Dans un passé pas si lointain, Lille comptait cinq quotidiens : La Voix du Nord, Nord Eclair, Nord Matin, Liberté et La Croix du Nord. Les deux premiers existent toujours, le troisième a disparu (absorbé par Nord Eclair) et les deux derniers sont devenus hebdomadaires. Pourtant, avec un brin de provocation, on pourrait dire que Lille compte toujours autant de quotidiens… dont trois « gratuits » (1). Il y a trois ans, 20 Minutes et Metro créaient ainsi une édition lilloise, tandis que le groupe Voix du Nord donnait naissance à Lille Plus (lire l’encadré). Depuis quelques mois, Direct Soir (groupe Bolloré) est également distribué en fin de journée sur Lille mais ce journal ne dispose pas de contenu local et donc pas d’édition lilloise.

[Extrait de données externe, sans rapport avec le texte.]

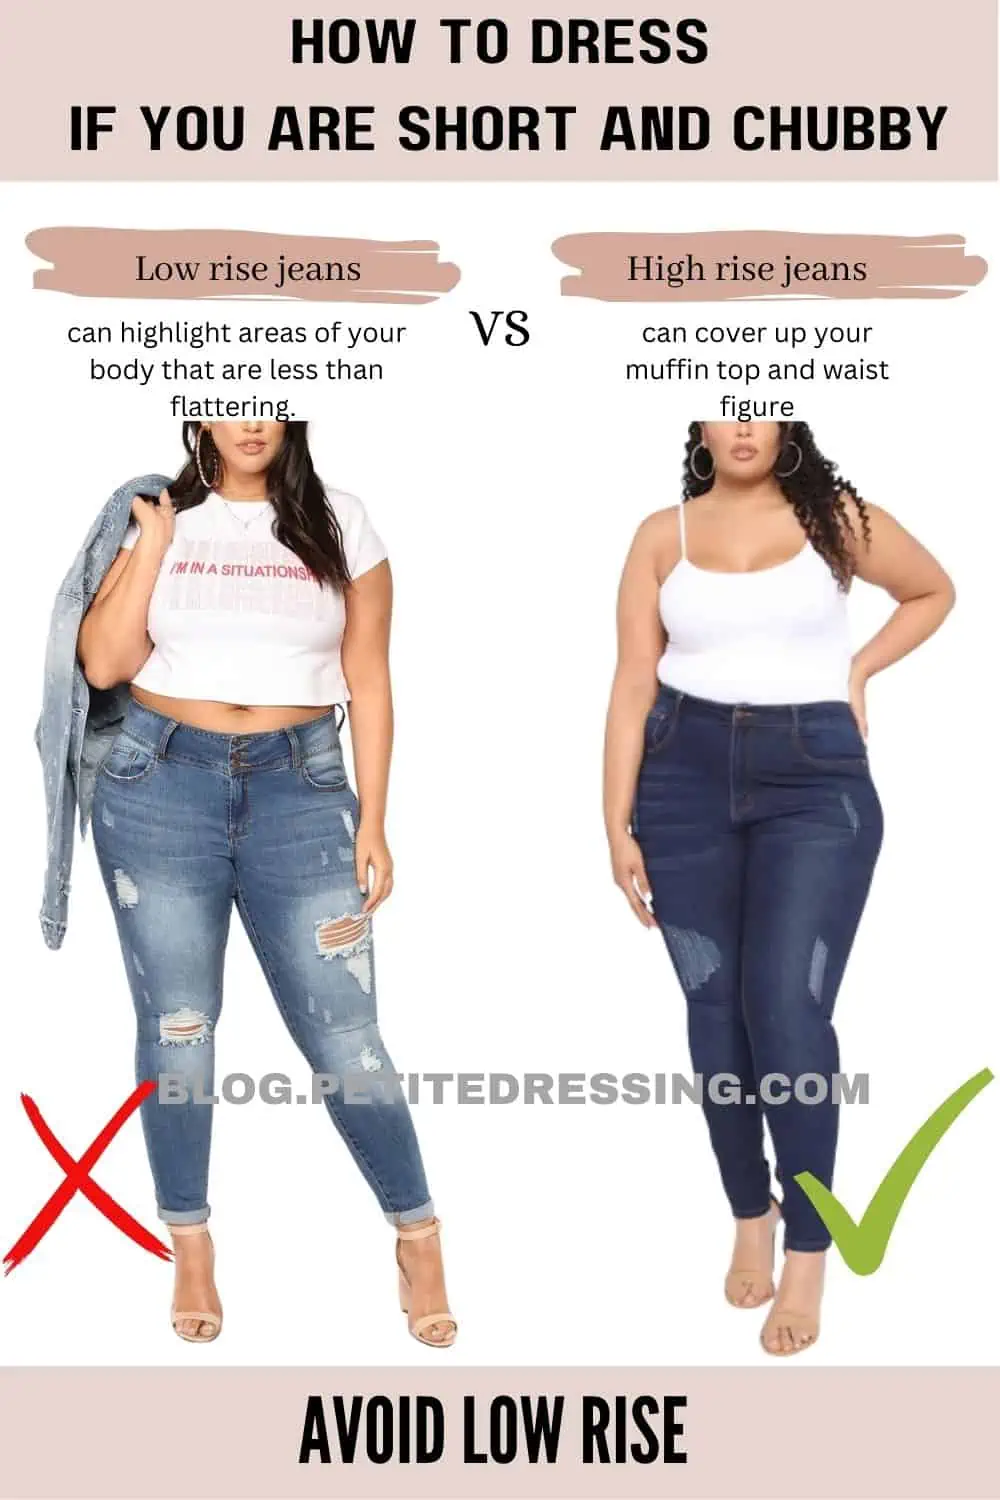 10 Best Ways To Dress If You Are Short And Chubby

Lundi 5 mars, le Club de la presse recevait des journalistes de Lille Plus et des rédactions lilloises de 20 Minutes et Metro. Le but de ces rencontres (2) est de permettre aux journalistes de se présenter et de parler de leur façon de travailler. Première question abordée : les moyens et les effectifs des rédactions (lire également l’encadré). Contrairement à 20 Minutes, « pour l’instant, on ne dispose pas de budget [pour les] piges, mais cela va venir, car Metro est bénéficiaire », explique Mathieu Pagura. Les deux journalistes de Metro, qui travaillent actuellement à domicile, disposeront bientôt d’un local, tandis qu’un commercial complétera l’équipe lilloise. « Tout s’accélère cette année », commente le journaliste.

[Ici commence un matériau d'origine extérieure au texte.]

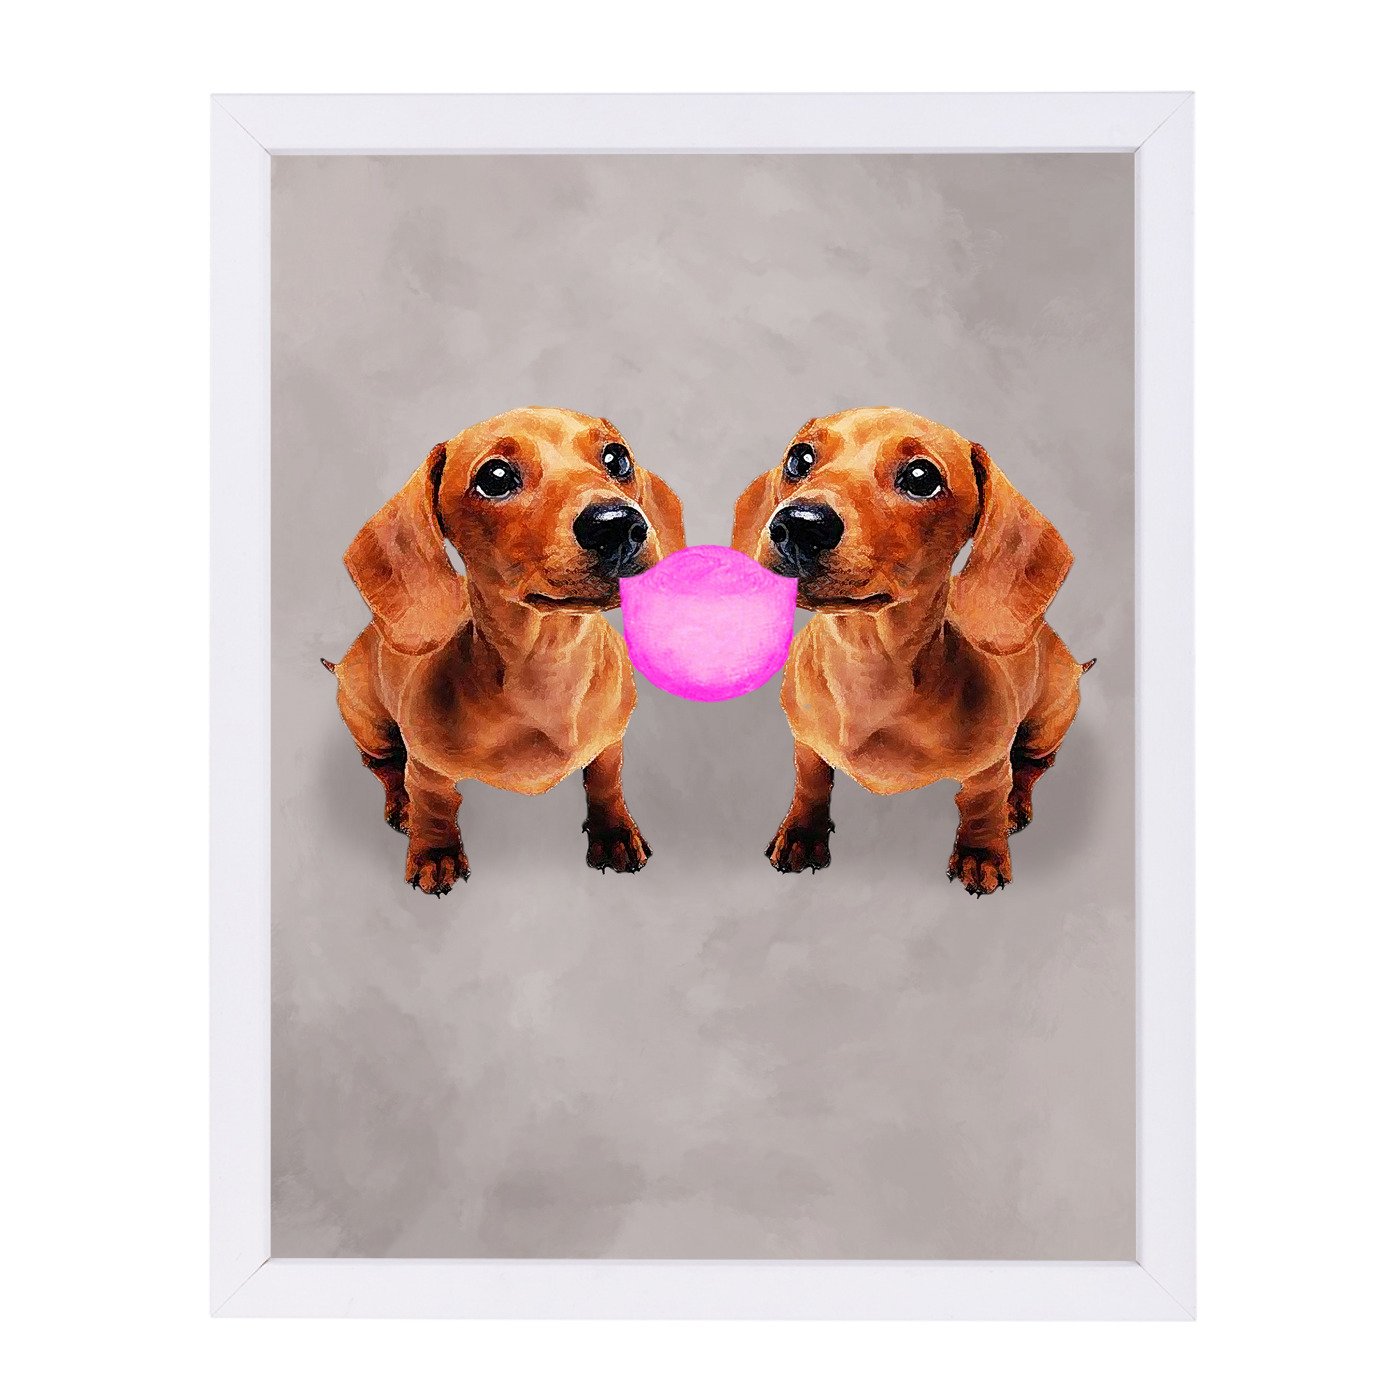 Dachshunds With Bubblegum By Coco De Paris - Framed Print - Americanflat

« Des sujets sont mis de côté, c’est sûr »

C’est ensuite le choix des sujets qui a été abordé. « On a un lectorat jeune, on sait donc que si on traite de politique, on doit un peu les prendre par la main », note Olivier Aballain, de 20 Minutes. « Des sujets sont mis de côté, c’est sûr », reconnaît pour sa part Adeline Boldoduck, pour Lille Plus, tout en notant que « le journal passe de main en main » et n’est donc pas lu uniquement par le public jeune visé au départ. Les problématiques de transport font par ailleurs partie des sujets récurrents de la presse gratuite, distribuée principalement à l’entrée et à la sortie des bouches de métro.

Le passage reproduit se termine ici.